CIENTO TREINTA Y DOS
Cinco meses después, recuperado de mis heridas —y del aceite caliente en la cara—, abandonamos la Ciudad de México para embarcarnos en la flota del tesoro en Veracruz.
Don Diego me había recibido en la familia sin siquiera mirarme a los ojos. Mateo había inventado hazañas heroicas de mi parte en los amotinamientos, apenas menores que su defensa, sin ayuda, del palacio. Con mi antiguo linaje, que de alguna manera estaba vinculado con el trono de España, y mi reciente acto de heroísmo —sumado a una contribución sustanciosa a la cartera del rey para la guerra—, la Corte Real de Madrid me ordenó ocupar un cargo en el Consejo de Indias durante tres años. Sumando el tiempo del viaje entre Europa y la colonia y las visitas a mis parientes de la Península, transcurrirían por lo menos cinco años antes de nuestro regreso. A esas alturas, todo se habría desdibujado, salvo la leyenda de Cristo el Bastardo.

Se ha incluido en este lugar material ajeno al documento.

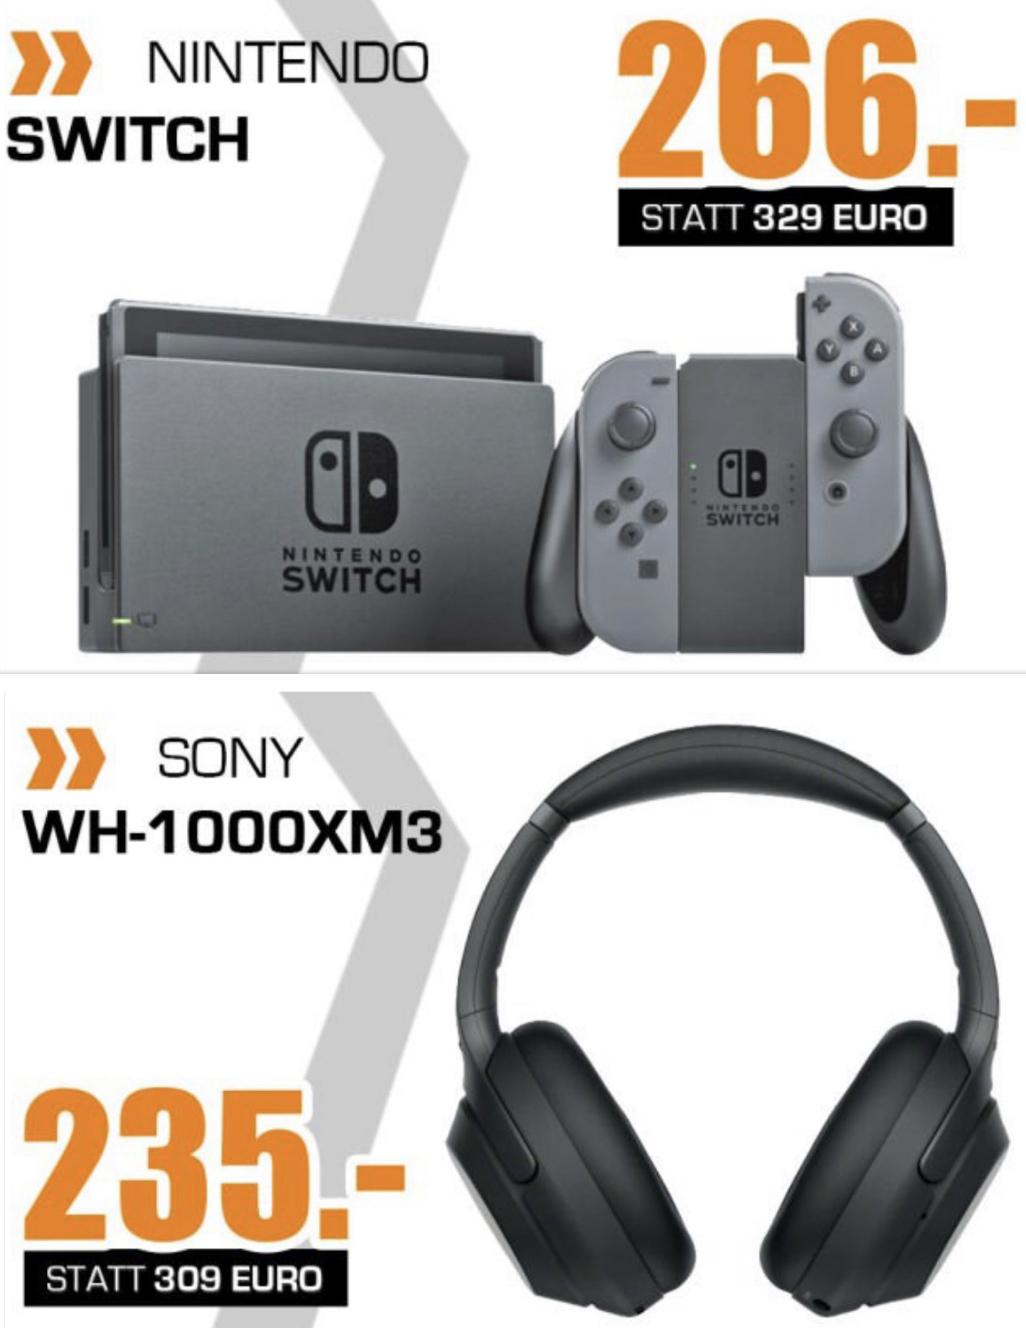 Lokal Saturn Hattingen: Sony WH-1000XM3 für 235€, Nintendo Switch für 266€, Dyson V11 für 555€ usw. - nur am Sonntag 23.06.

Mateo viajó en el mismo barco. Después de recoger nuestro botín secreto de la cueva, él se jactaba de que construiría un anfiteatro en Madrid y lo llenaría de agua. Después pondría en escena para el rey la gran batalla naval de Tenochtitlán. ¿Me preocupaba a mí qué consecuencias tendría eso? Sí.
Amigos, ¿pensáis que todo esto es tan sólo un cuento de hadas? ¿Qué aquel pobre muchacho de la calle no podía convertirse en un noble y casarse con una mujer hermosa? Pero ¿Acaso Amadís de Gaula no fue un paria de pequeño? ¿Y no se ganó una princesa y un reino?
¿Esperabais menos de Cristo el Bandido?
¿Acaso habéis olvidado que un gran dramaturgo movía todos los hilos para asegurar un final feliz? Os dije que se trataba de una historia prodigiosa, tan colorida y excitante como cualquiera de las novelas de caballerías que volvieron loco al pobre don Quijote.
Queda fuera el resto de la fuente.